Second, Professor Krugman misread the economic dataset that he did identify.
According to the dataset in question, that part of Europe excluding any part of the USSR had about 40% share of global GDP in 1973 [Cell H59 in the spreadsheet]. According to this dataset, if you add the USSR to this definition [Cell H59 + Cell H102], then such a constructed entity would have had global GDP share of about 44%, not the 40% that Professor Krugman asserted. This error is his as well.
I have invited Professor Krugman to explain how I am wrong, or failing that, to retract his charge.
[UPDATE]: Professor Krugman has responded.
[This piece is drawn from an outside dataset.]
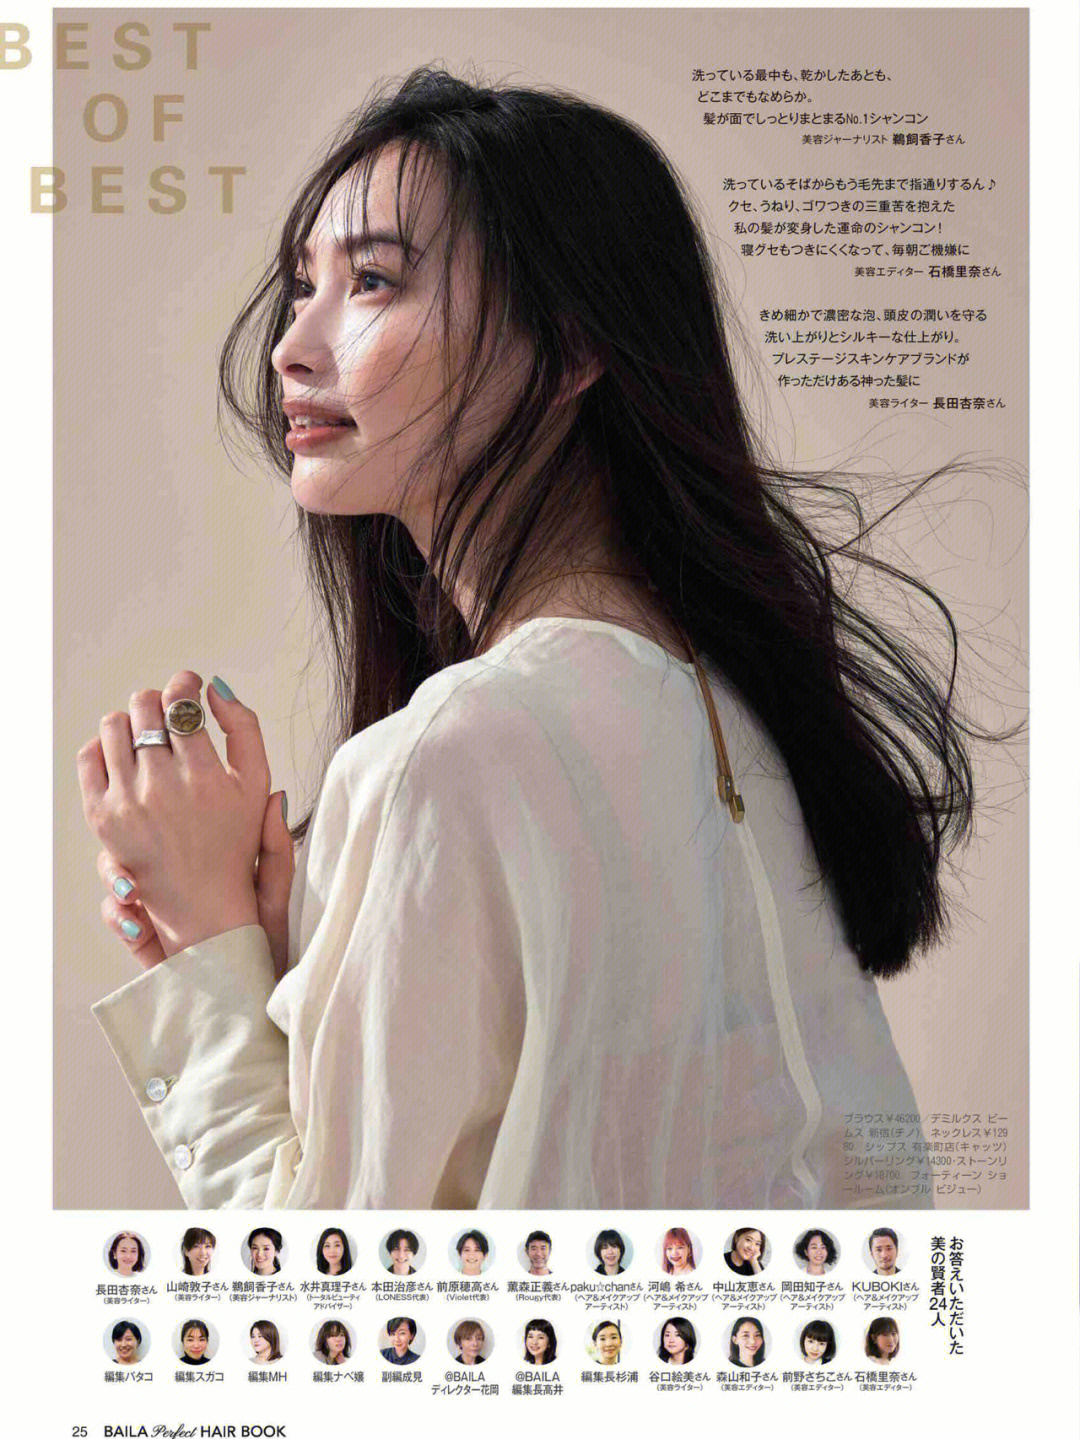 日系发型baila224最新杂志时尚发型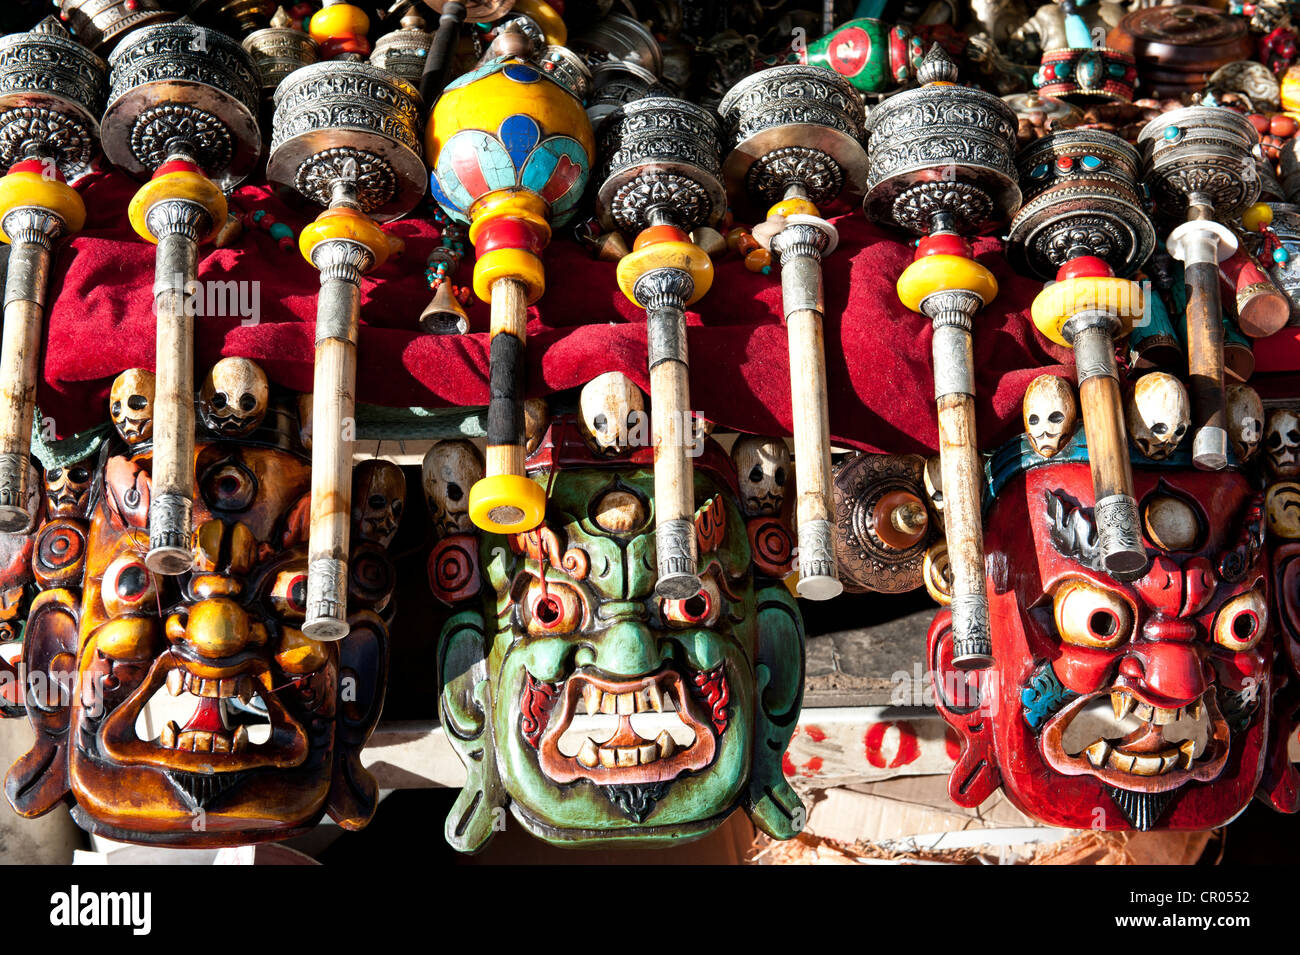 Le bouddhisme tibétain, les masques colorés, roues de prière tibétain, souvenirs, Lhassa, de l'Himalaya, le Tibet central, Ue-Tsang Banque D'Images

I will reproduce his post in its entirety here:
The debate over European economic performance has gone in two directions. One is the usual response of people when they get something very wrong: they start quibbling over minor details (which dataset was Manzi actually using? what about immigration?) to throw up dust clouds. The key thing to remember is that we had a flat assertion that social democracy leads to stagnant economies; that assertion is just wrong.
The other is to point out that even rich European countries have lower GDP per capita than the United States. Indeed. But there’s a story there that is a lot more complicated than a simple table conveys. I wrote about it a few years back.
I’ll leave it to readers to evaluate this response.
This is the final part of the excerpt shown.